Sunday, February 24, 2008

The Lovely Bones by Alice Sebold

The Lovely Bones is one of those books I put off reading because I knew the story would probably be tough to read. I finally pulled it off my bookshelf recently, and wow, what a book. I love to read, and I read a lot, but it’s not often I get a book in my hands that rips me up and stays with me even now, weeks later. I was sucked into this book, and it ripped me up emotionally, but it was such a beautiful story I just can’t say I regret the experience. As I remember the story and how it was told, I can feel that sorrow work its way back into my heart, but it is bittersweet.
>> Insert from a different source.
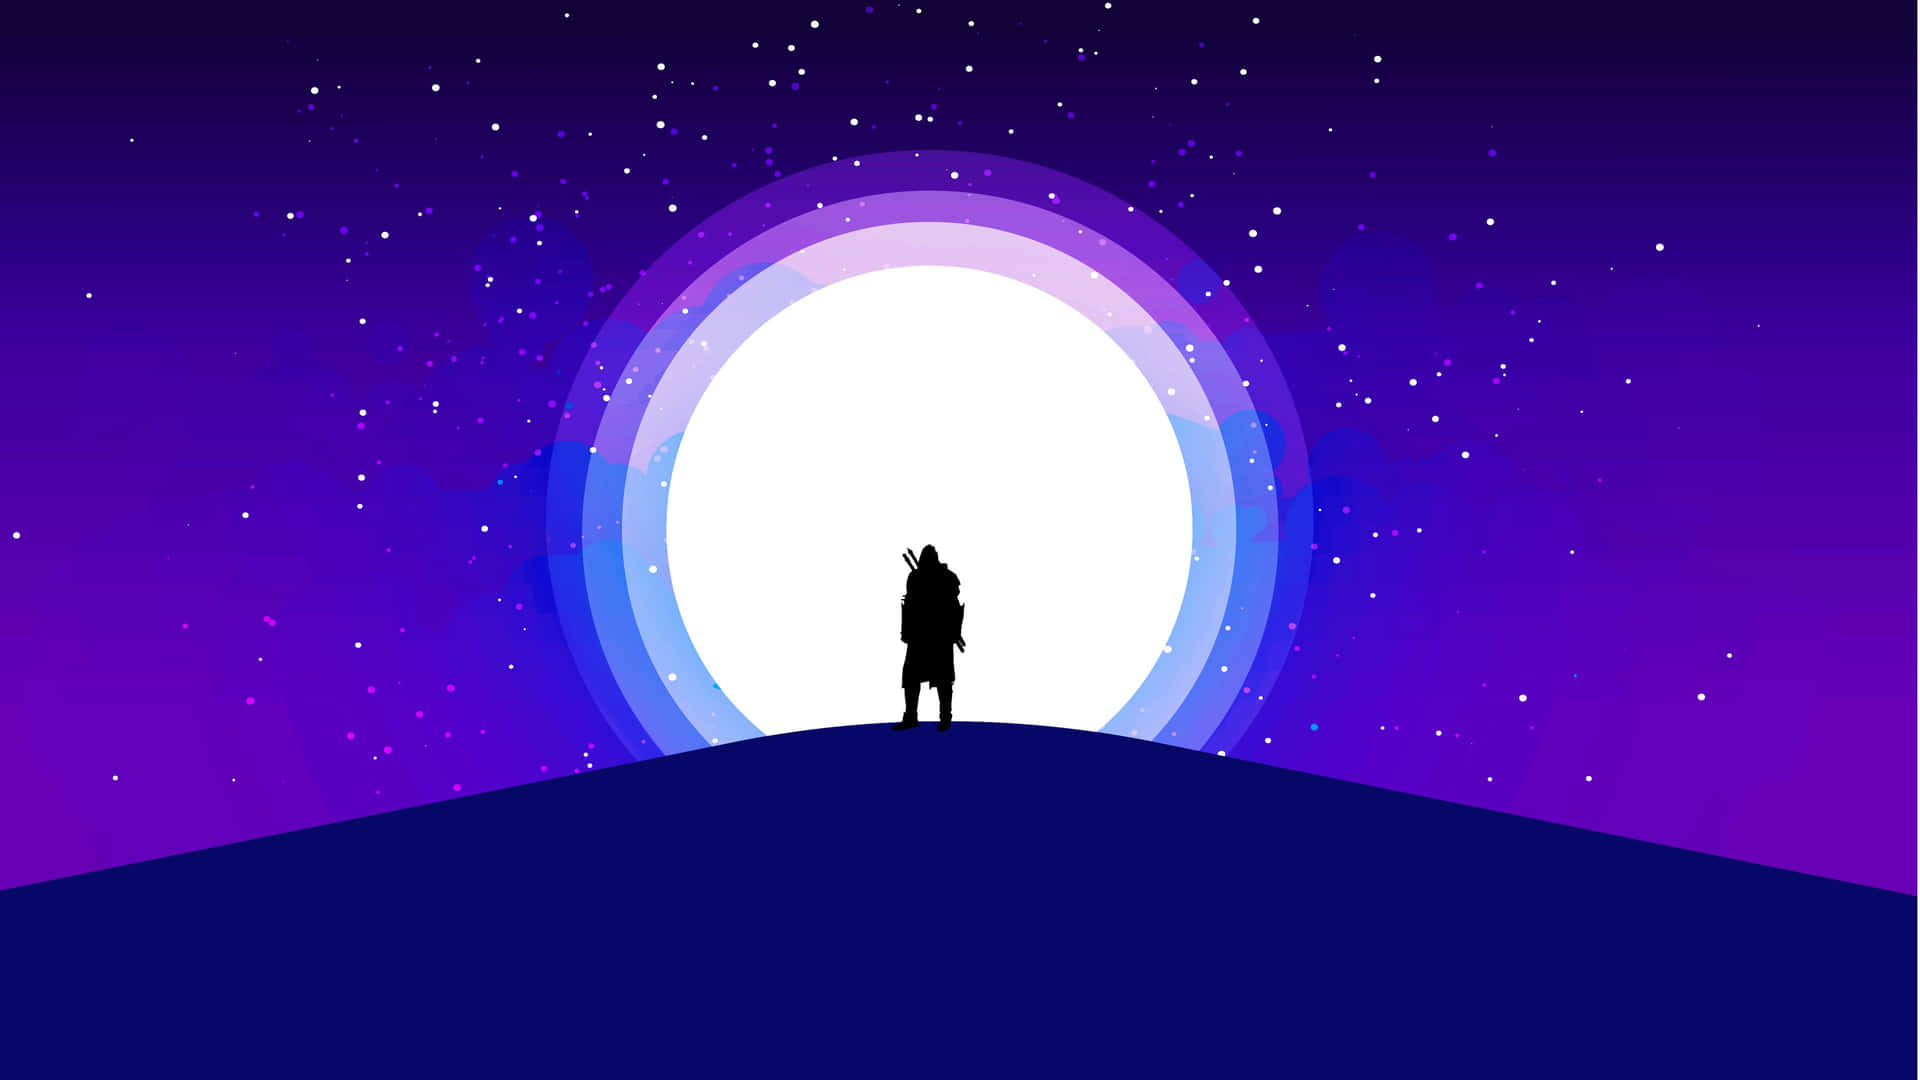 Eineperson Steht Auf Einem Hügel Mit Lila Licht Im Hintergrund.

 Susie Salmon, a 14 year old girl, is the narrator of The Lovely Bones. When we first meet her, Susie is in heaven watching over her family. She tells us how she died, and she watches her family deal with that loss. Her parents struggle to keep their marriage together, her sister refuses to feel anything so avoid the sorrow of losing her sister, and her baby brother struggles to understand where Susie went and why she is never coming back. For years, Susie watches the world and struggles with letting it all go. While she works through the grief of losing her life, Susie sees her family grow, mend, and eventually move on.

 I really don’t want to say too much, because I truly believe this is one of those novels that you simply must just discover on your own. I couldn’t do Alice Sebold’s prose justice. Her words are too lyrical and haunting to condense, and I hate to take that experience away from anyone. The Lovely Bones is a memorable and stunning story about love, loss, grief, marriage, memory, heaven, and moving on. I can’t recommend it enough.

Rating: 5 Purrs for one of the best books I have ever read, hands down.

 

2 comments:

Unknown said...

This book has one of the weirdest and most awkward sex scenes I have ever read. But other than that, I loved it. Very very emotionally straining for me.

Media Kitten said...

I know what you mean - that scene was difficult but even now I can't get that book out of my head.